In the FCPA situation, the requisite intent for an actor is “corrupt intent. Here a simple explanation of this concept is very helpful. If the actor transfers money or something else of value to a foreign government official to influence, persuade or convince a foreign government official to commit an act in violation of that government’s official’s duties or obligations, wallah – we are looking at corrupt intent. (I know I have omitted the business purpose test but assume that we satisfy that with the respective action or omission by the foreign official).
A legal or compliance officer tasked with considering a prospective action by a company actor has to examine, in good faith, the presence or absence of corrupt intent, and carefully weight how such conduct in the specific context would be viewed by a regulator or prosecutor.
As part of this analysis, a legal and compliance officer knows that creating a contemporaneous document reflecting a good faith analysis of the issue, and why the officer was comfortable with moving forward with the conduct is a sure and reliable way to document the company’s intent. Of course, there are many assumptions and variables – I am assuming that the legal and compliance officer has obtained all of the relevant information from the business. As we saw last year in the VimpelCom enforcement action, lawyers and compliance officers were not able to conduct a good faith analysis because senior executives conspired to withhold such information from them.
The “corrupt intent” framework can help to solve what would be otherwise intractable issues. It is an effective strategy to separate the wheat from the chaff when reviewing an FCPA issue. It is not meant to be the surefire solution but it is a helpful way to focus analysis and consider the issues.

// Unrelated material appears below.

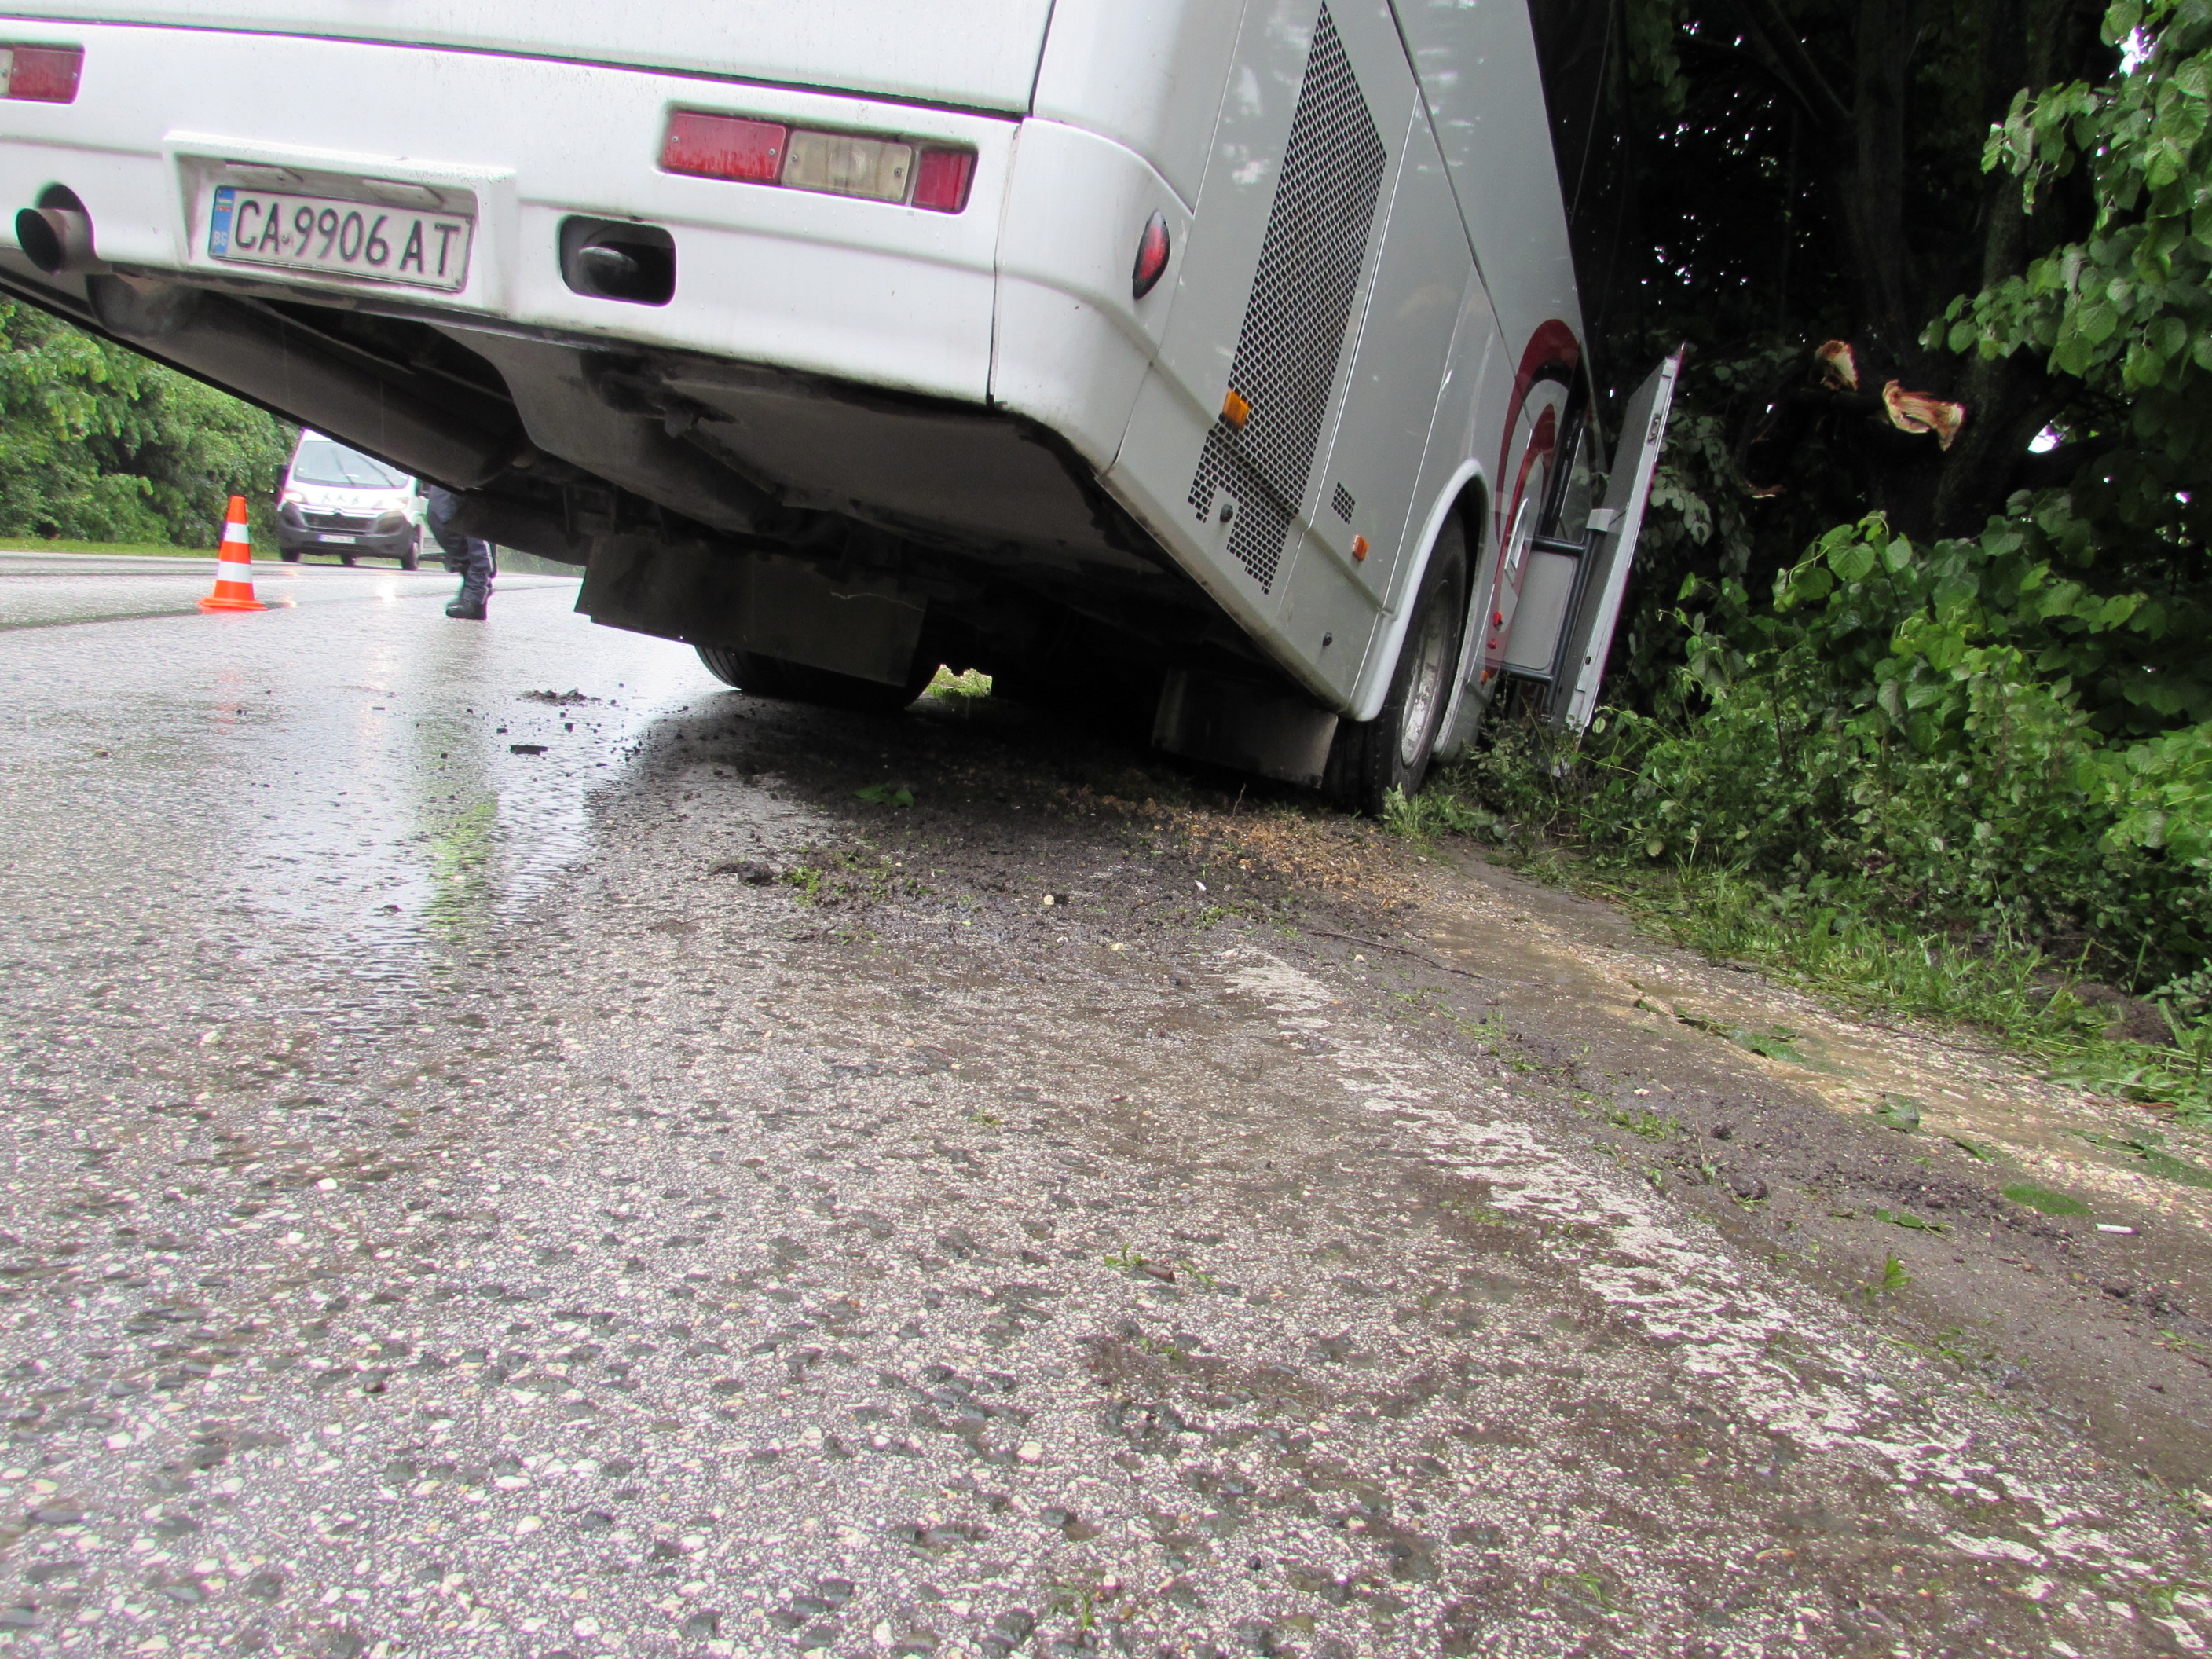 Автобусът е пътувал по направление София-Букурещ. Малко преди разклона за село Обретеник, по думите на шофьора, той е бил засечен от насрещно движещ се тир. За да избегне сблъсъка, водачът се е отклонил вдясно. Заради мокрия път автобусът е поднесъл и се е ударил в крайпътно дърво.
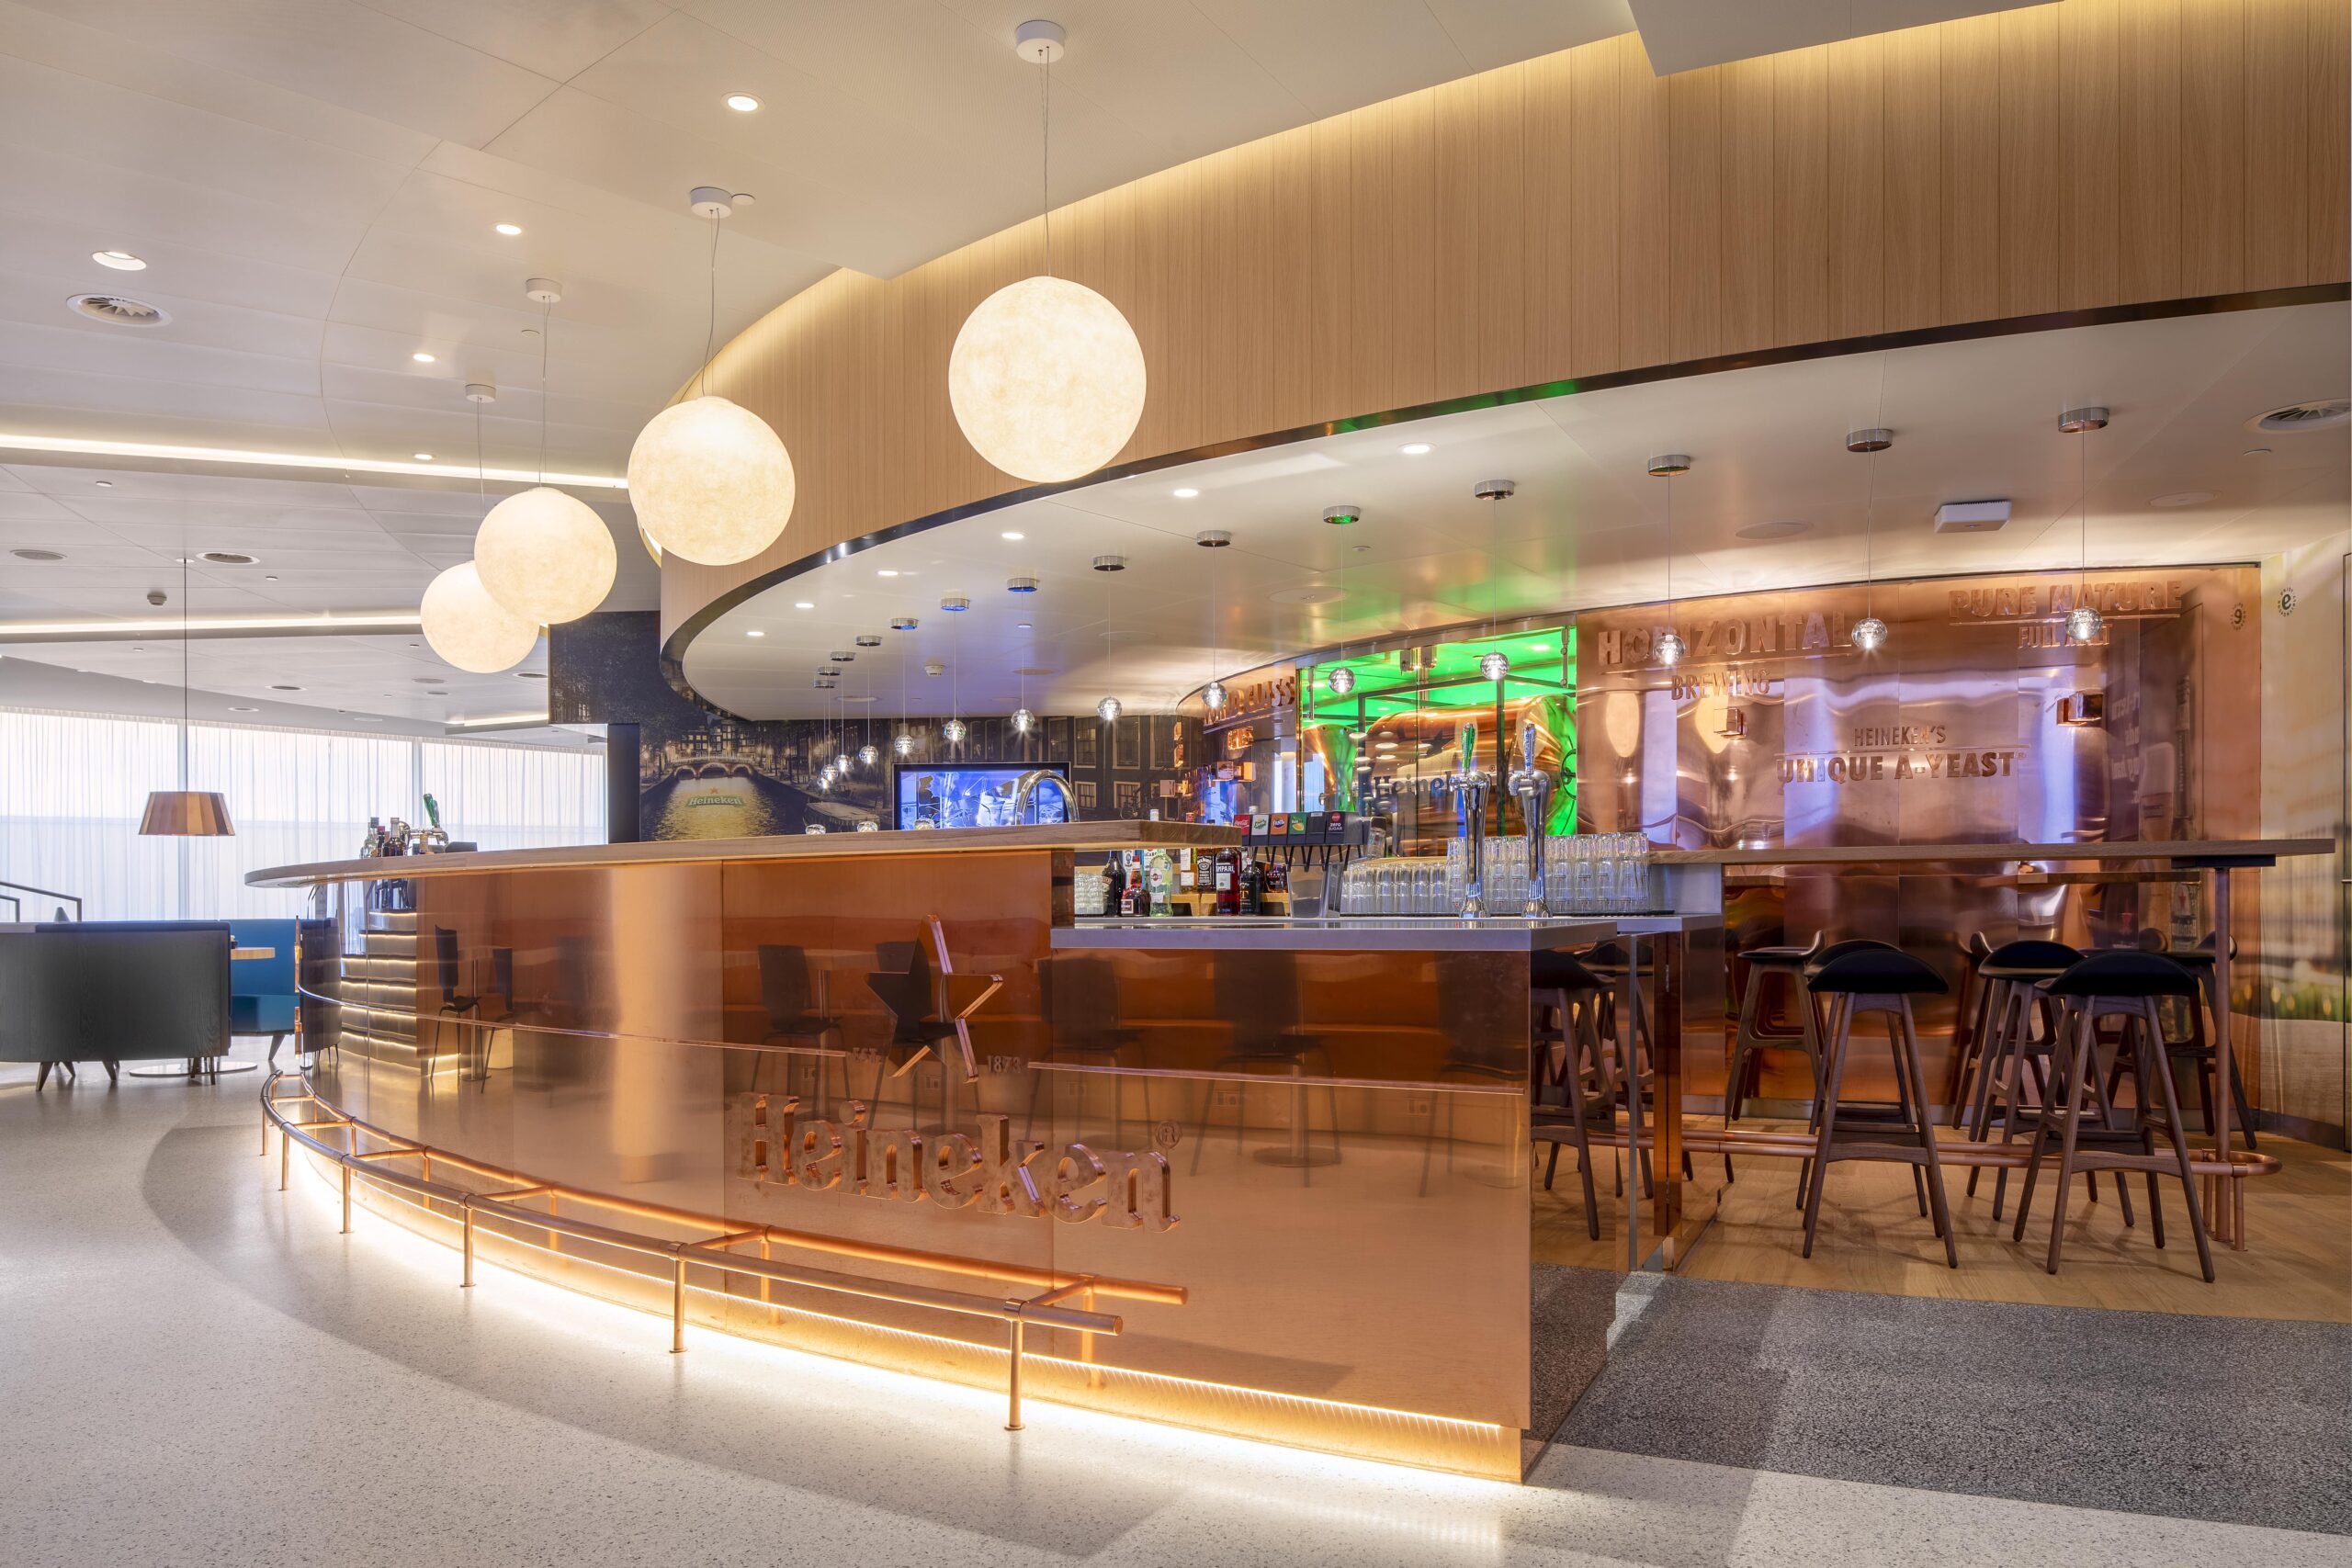 Bar in KLM crown lounge op Schiphol. Met groot Heineken logo en hoge barkrukken. Grote ronde lampen aan het plafond.

Legal and compliance practitioners should always ask themselves how would a prosecutor view a piece of evidence or a course of conduct. It is too easy to just write off this way of thinking as aggressive DOJ attorneys will always find a way to make something look wrong. That is a cop out. In fact, DOJ FCPA attorneys, in my experience, carefully consider issues, and are willing to engage in a thoughtful discussion and analysis.